» Work to complete
In the records below, find the line containing "Bing-brukere frustrert over"; copy exactly that line and all lines after it to the end, and nothing else.

START Supplied material

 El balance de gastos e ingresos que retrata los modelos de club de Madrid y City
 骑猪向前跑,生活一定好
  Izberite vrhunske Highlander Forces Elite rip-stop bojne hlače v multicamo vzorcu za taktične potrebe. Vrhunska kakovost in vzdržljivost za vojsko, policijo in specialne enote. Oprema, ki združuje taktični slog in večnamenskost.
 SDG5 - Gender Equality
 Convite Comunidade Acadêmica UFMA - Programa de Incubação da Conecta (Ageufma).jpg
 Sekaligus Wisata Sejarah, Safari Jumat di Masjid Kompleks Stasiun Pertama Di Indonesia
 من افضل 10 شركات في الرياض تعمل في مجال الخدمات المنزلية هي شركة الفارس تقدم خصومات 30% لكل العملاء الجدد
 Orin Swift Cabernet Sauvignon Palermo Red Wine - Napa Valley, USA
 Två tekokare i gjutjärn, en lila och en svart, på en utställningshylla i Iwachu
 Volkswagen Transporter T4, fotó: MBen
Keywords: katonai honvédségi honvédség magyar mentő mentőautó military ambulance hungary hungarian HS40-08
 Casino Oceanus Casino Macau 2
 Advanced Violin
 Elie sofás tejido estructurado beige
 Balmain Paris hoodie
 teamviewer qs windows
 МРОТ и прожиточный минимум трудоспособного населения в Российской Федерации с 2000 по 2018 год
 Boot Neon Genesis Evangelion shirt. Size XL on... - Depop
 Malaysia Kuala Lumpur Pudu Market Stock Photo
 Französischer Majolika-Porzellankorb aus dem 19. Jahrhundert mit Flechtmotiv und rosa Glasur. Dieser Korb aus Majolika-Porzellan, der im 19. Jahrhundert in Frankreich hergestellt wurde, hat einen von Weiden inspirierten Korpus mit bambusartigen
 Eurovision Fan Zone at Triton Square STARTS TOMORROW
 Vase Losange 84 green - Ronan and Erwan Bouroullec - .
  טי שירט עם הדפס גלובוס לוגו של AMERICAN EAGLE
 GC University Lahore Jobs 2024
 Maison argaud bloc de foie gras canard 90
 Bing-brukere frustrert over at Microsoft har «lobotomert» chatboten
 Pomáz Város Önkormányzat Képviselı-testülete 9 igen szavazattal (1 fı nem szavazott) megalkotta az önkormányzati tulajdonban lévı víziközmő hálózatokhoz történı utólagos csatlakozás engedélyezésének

END Supplied material

» Answer box
 Bing-brukere frustrert over at Microsoft har «lobotomert» chatboten
 Pomáz Város Önkormányzat Képviselı-testülete 9 igen szavazattal (1 fı nem szavazott) megalkotta az önkormányzati tulajdonban lévı víziközmő hálózatokhoz történı utólagos csatlakozás engedélyezésének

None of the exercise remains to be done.